Holy Trinity was established in Port-au-Prince during Pentecost, May 25, 1863. Its church has since been destroyed six times, often by fire. The cathedral destroyed in the earthquake dated to the 1920s.

World-famous frescoes adorned the walls of that cathedral building. The paintings, completed in 1950-51, portrayed biblical stories in Haitian motifs and were crafted by some of the best-known Haitian painters of the 20th century. Portions of only a few of the frescoes are still standing among the ruins, including the baptism of Christ and, possibly, the Last Supper. Photos of the destruction of the cathedral can be seen here.

The cathedral is still operating on the site, albeit without walls. Whalon preached at Holy Trinity earlier this month, standing in what Duracin is calling the diocese's "open-air cathedral." It consists of some plastic sheeting stretched over a frame of two-by-fours that shelters some pews rescued from the cathedral ruins. A week later Whalon preached the same sermon at St. Paul's Cathedral in London.

The bishop told ENS that a fund for Haiti reconstruction, called for at the February meeting of the church's Executive Council, could prove to be an excellent way to coordinate efforts to aid the Diocese of Haiti's rebuilding in general and Holy Trinity in particular.

"My eye is set on that fund as the locus for fundraising so that it all goes to one place and we all know what we have," he said.

As the effort continues to jell, Whalon plans to brief the March 19-24 House of Bishops meeting about the project, and the Very Rev. Zachary Fleetwood, dean of the American Cathedral in Paris, will do the same at the April 15-19 North American Cathedral Deans Association Conference.
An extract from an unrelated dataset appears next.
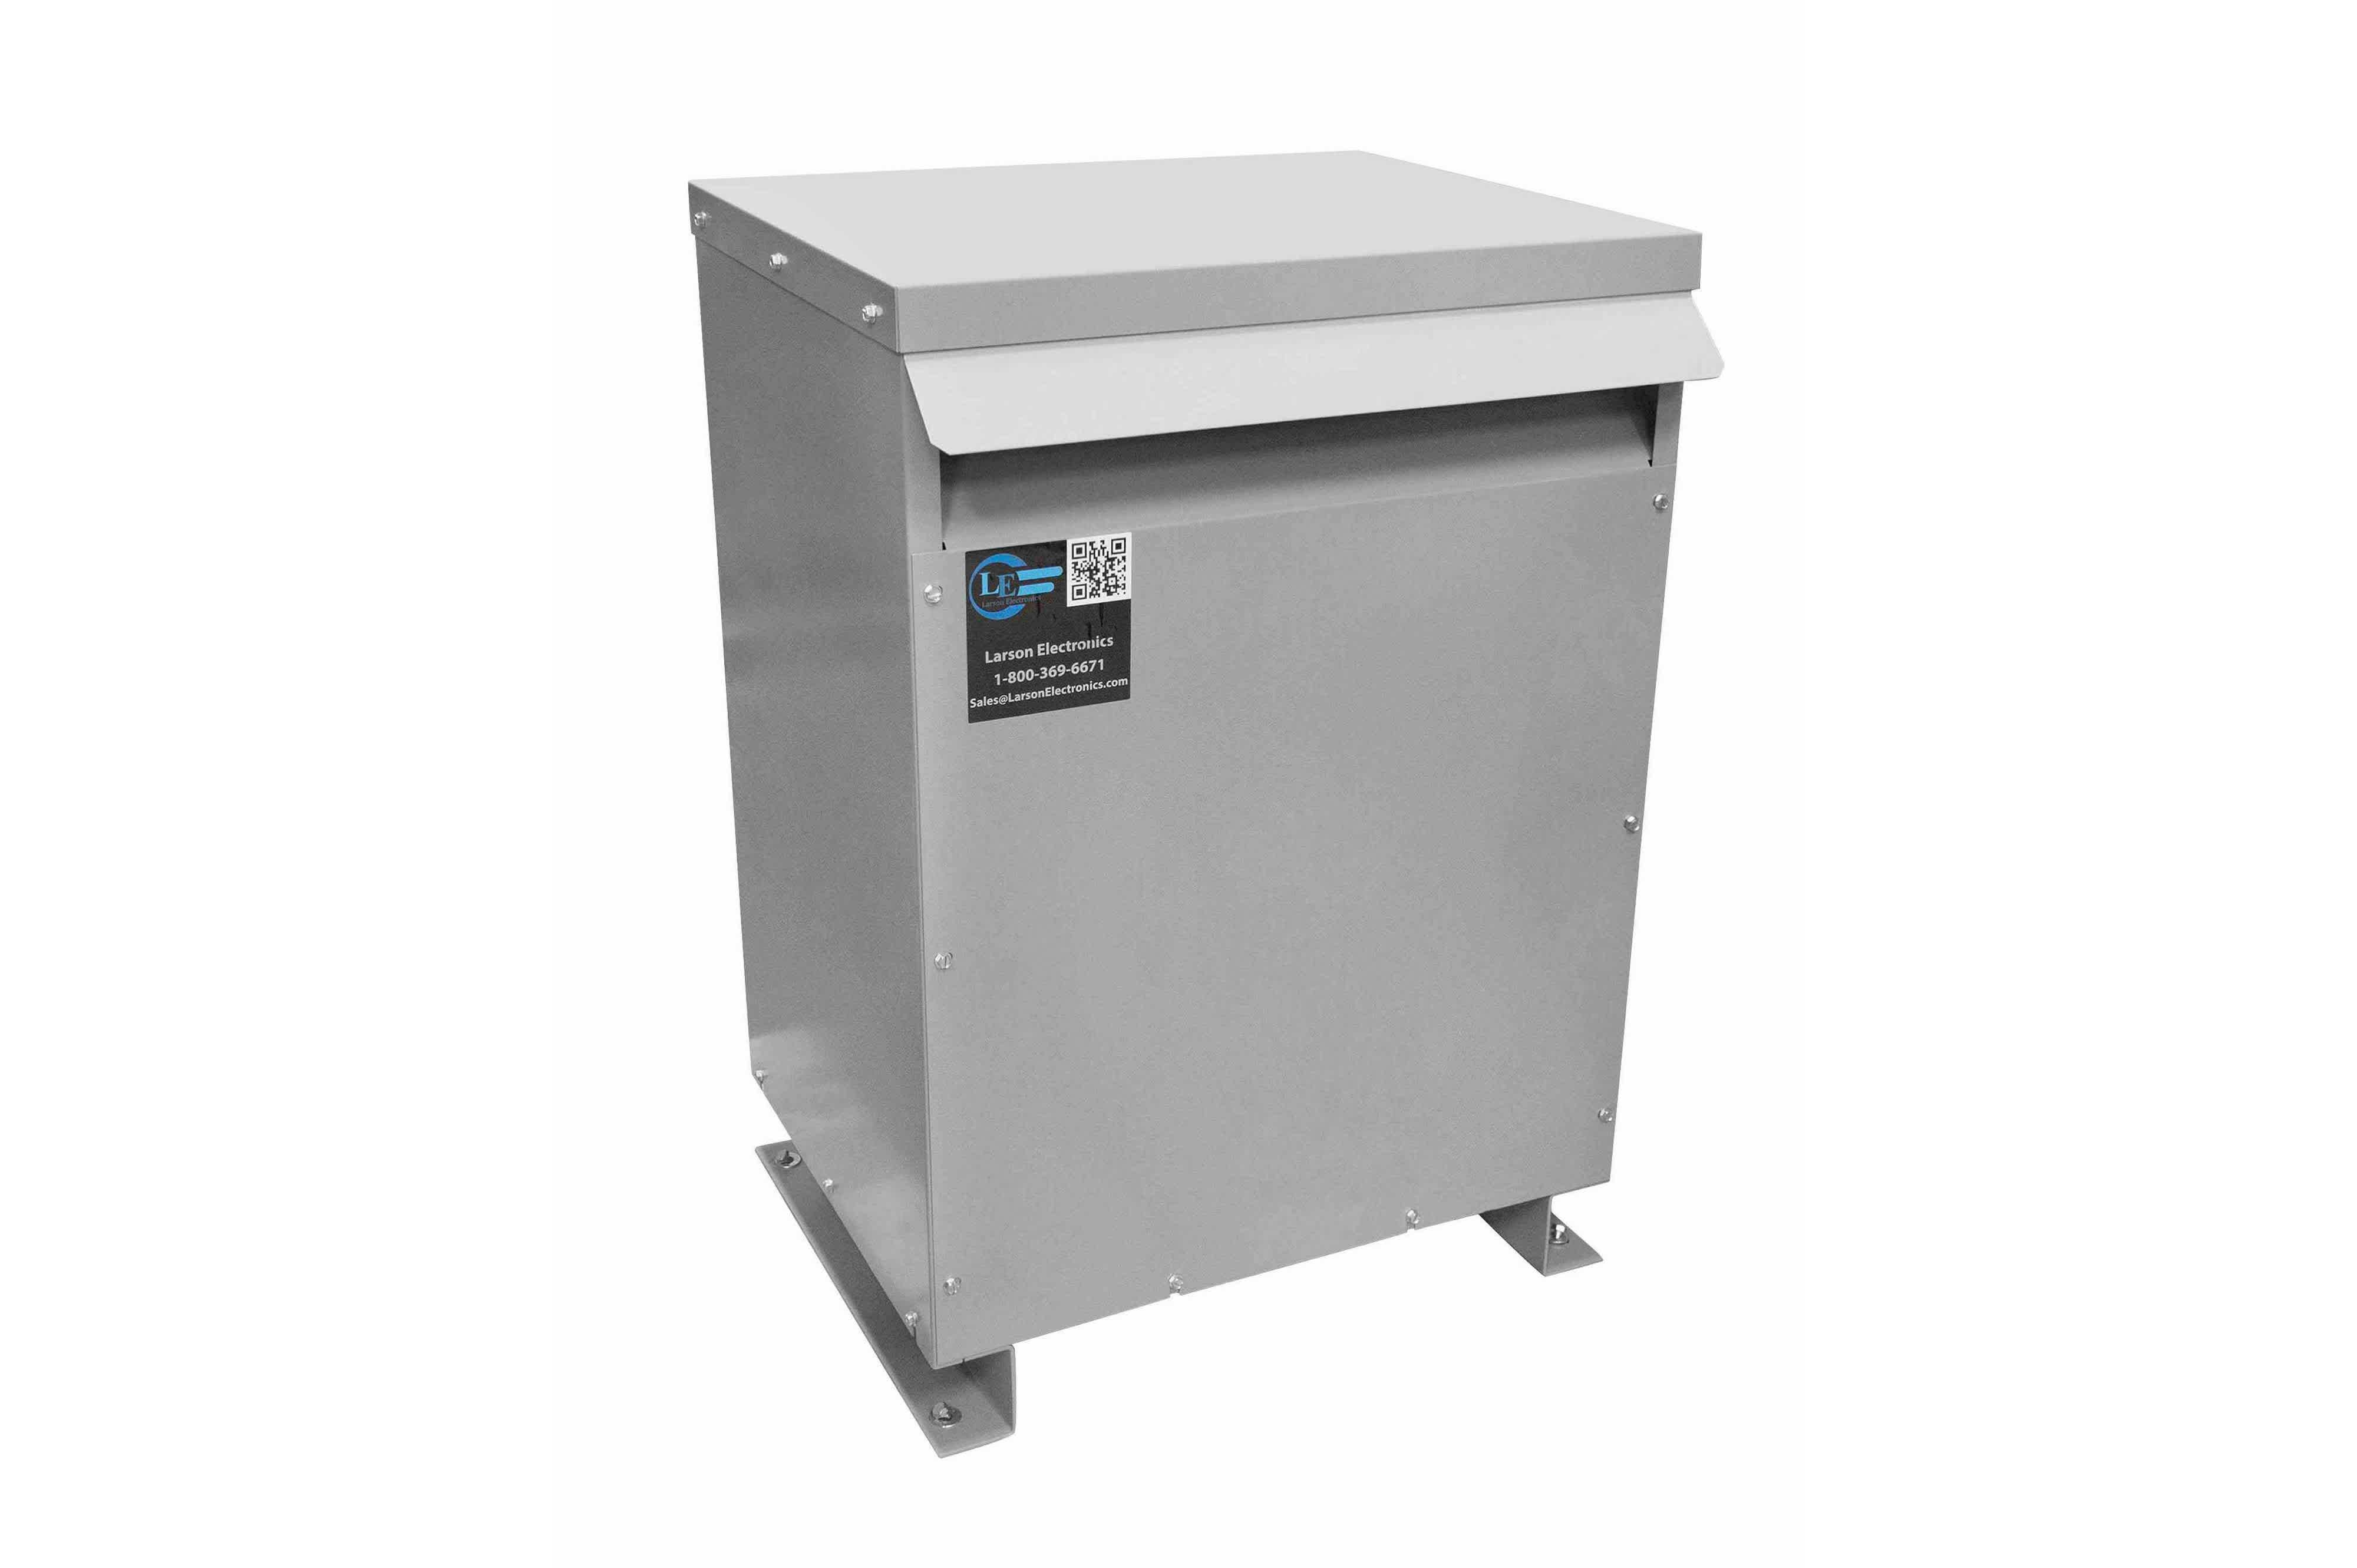 90 kVA 3PH Isolation Transformer, 575V Wye Primary, 415Y/240 Wye-N Secondary, N3R, Ventilated, 60 Hz

Stanley echoed Whalon's larger hopes for the project. "Our hope is that, as we begin to rebuild after we develop our master plan, our partnerships will improve and will become more of a true partnership that will last for decades," she said. "What we want to do is to have each player at the table be a full partner listening to each other, caring for each other and working together hand-in-hand."

"We have a good partnership program; we want to improve it," she added. "We know that many of our partners are frustrated sometimes because of the linguistic challenges and the communications challenges and we are hoping that in strengthening the partnership program we will lessen frustrations on both sides and increase our ability to work together as brothers and sisters in Christ."